When placing a home on the market, the seller must remember early and often that there are going to be three "buyers" who must be satisfied with the final price of the property. The buyer, appraiser and mortgage company underwriter must all agree with the price of the home before it can go to closing (particularly if there is no large down payment involved.) Here's how it happens.
The Buyer
When you go to the grocery store and look at prices of produce, you normally don't walk up to the check out and offer less than what's on the sticker. The eggs are $1 per dozen all day long and most everyone will pay that amount or go without eggs.
In real estate, the list price or asking price is not necessarily what you're going to pay. While real estate agents may have a handle on if a house is overpriced or under priced, they're not buying the house - so the real decision maker is the buyers. Thus, the buyers must be convinced that the value of the house is reflected in the price and/or terms.
The smart seller will make sure the price they are asking for is as close to the realistic price to draw offers. In particular, in a buyers market - don't waste time "waiting for the right buyer" to come along and pay your price. Price trending is price trending both ways -- up and down. Thus the smart seller will recognize the trend and move in front of it.
For sellers over the last few years in the Florida market - they have had the benefit of price trending upward. Negotiation for buyers kind of went up on its head -- "You want $350,000. What, are you crazy? I'll pay $375,000 and not a dollar less." Of course, they got beat out by the guy willing to pay $400,000 and include a vacation for the sellers.
When a market levels or begins trending downward, get in front of the trend. This is even more important than a market heading upward if you don't want your house sitting on the market. Every week you wait you literally lose money - sometimes thousands of dollars each week. Don't wait. When prices trend downward, sellers must forget what their neighbor's sales price two months ago -- it has no bearing the day you receive your contract.
Thus the buyer must believe the house is worth the asking price. Next, you have to convince the appraiser.
The Appraiser
Despite what others may say, this is the most important visitor you're going to have come to your house. Sometimes even the appraiser downplays his/her visit to the property. I've had some say, "Oh, don't worry about cleaning up. I'm going to just be a few minutes. Famous last words.
If you have to "wow" the buyer to write a contract, then you better "mesmerize" the appraiser. This is the person who is going to take a first stab and confirming that the seller and buyer have come up with a realistic price for the property.
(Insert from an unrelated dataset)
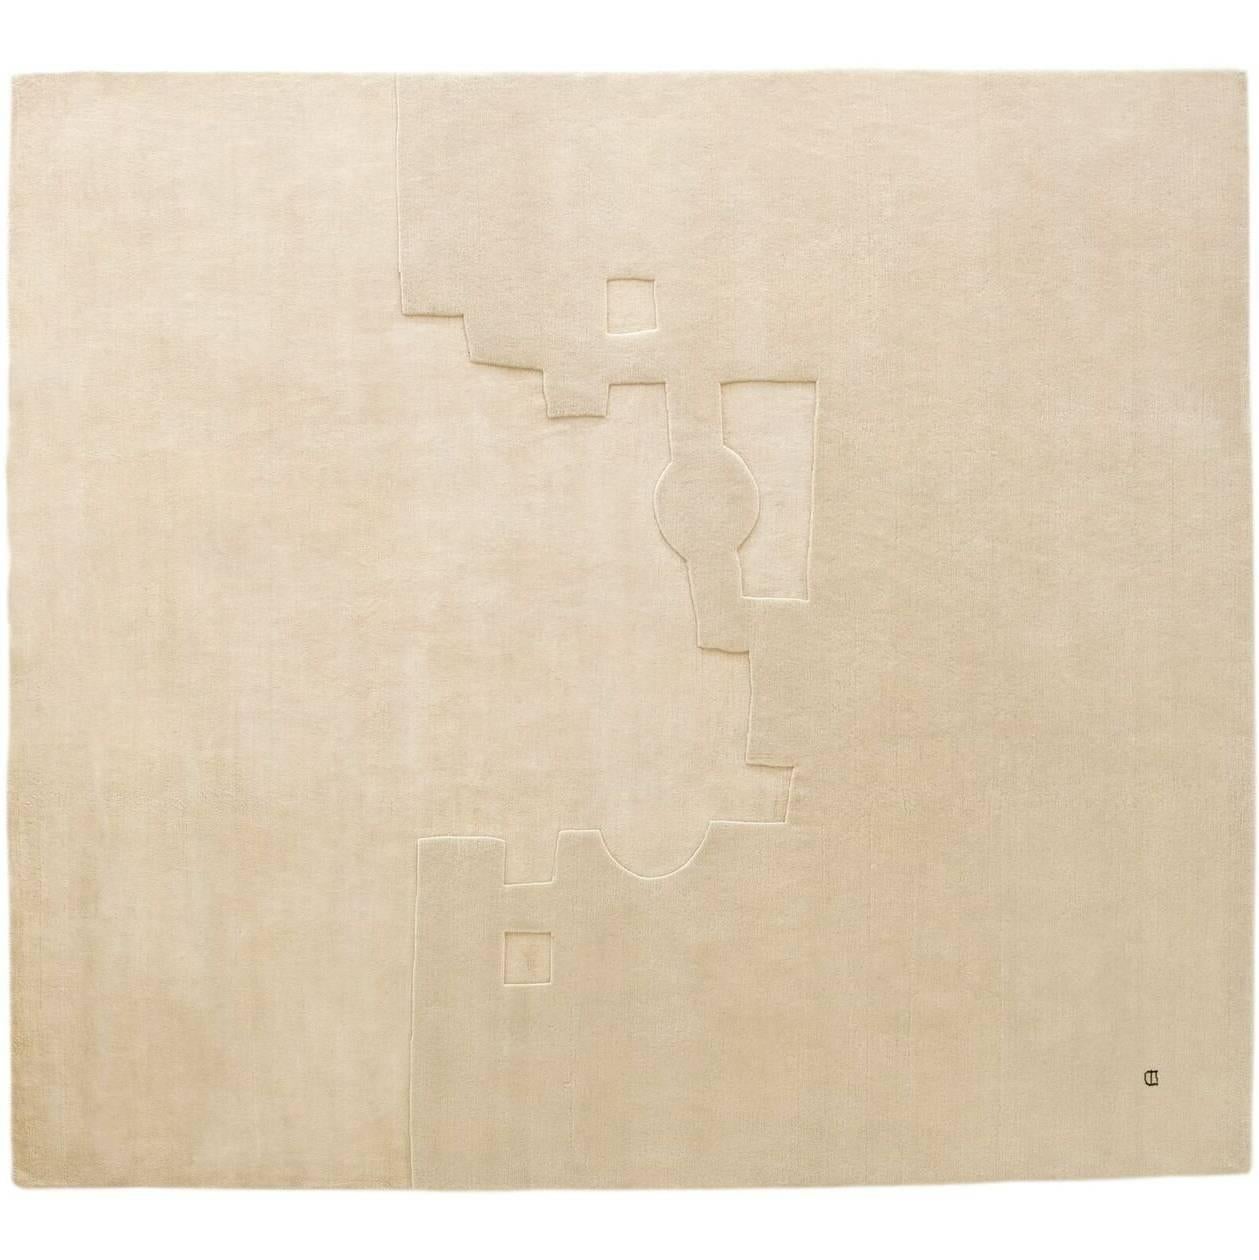 Gravitacion 1994 Hand-Knotted Wool and Silk Area Rug by Eduardo Chillida
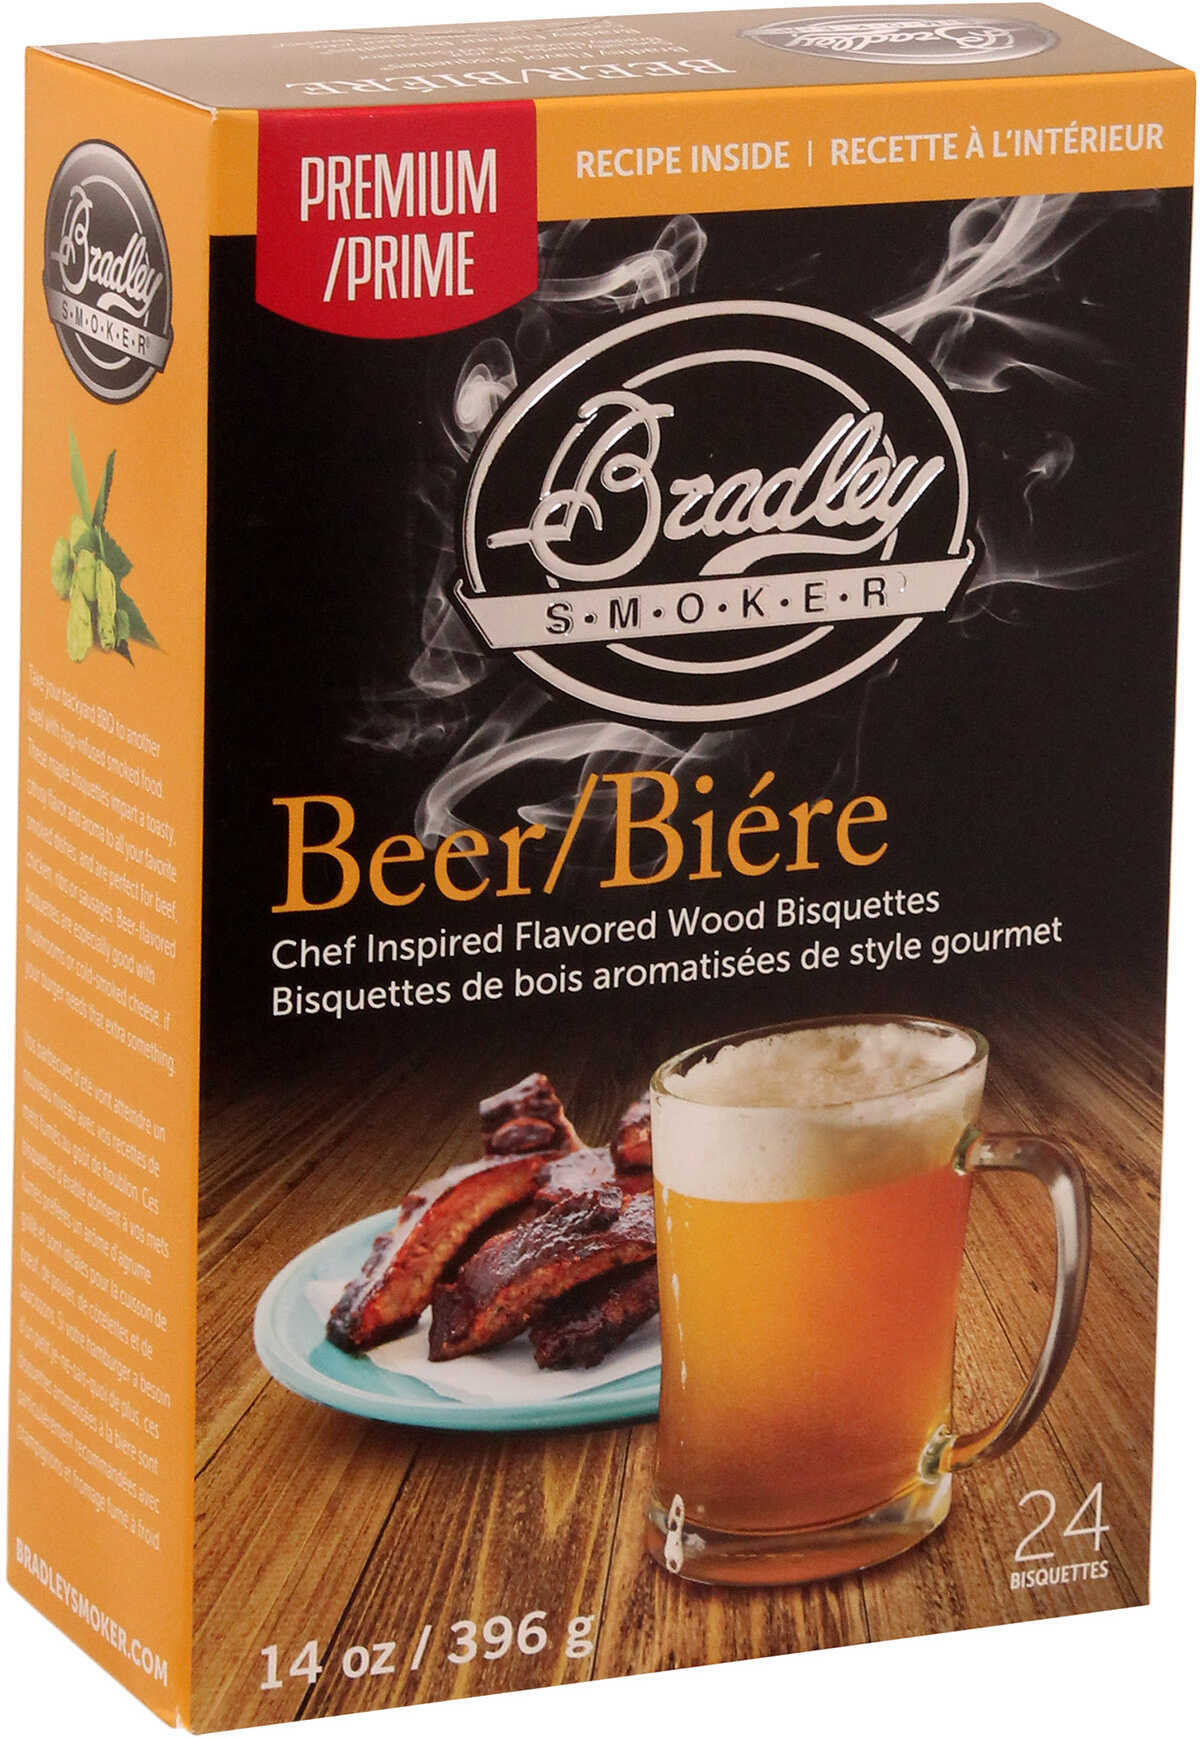 Bradley Technologies Smoker Beer BISQUETTES 24 Pack

With a contract price of $350,900 you want an appraisal of $350,900 or higher. If the appraisal is high, it has no bearing on the contract. If the price comes too far below, and the buyer doesn't have enough money down to cover the difference, then the buyer and seller will have to renegotiate who is going to take the financial hit to make the loan work. Is the seller coming down in price, the buyer up in price or are they going to split the difference or worse yet, the contract will get canceled and the process starts all over again for the seller.
The Underwriter
Finally, you have to satisfy the person in the back office, the underwriter of the mortgage company. Underwriters are determining risk factors for the lending company or group of investors. If they underestimate the risk of default on a loan and the buyer defaults on the mortgage in the future, their investors lose or they must sell the loan at a loss. Because of this, while they are not on the street watching housing prices increase, if their analysis demonstrates that the house may not be worth what the contract is asking, they can halt the loan process and the negotiations must begin all over again.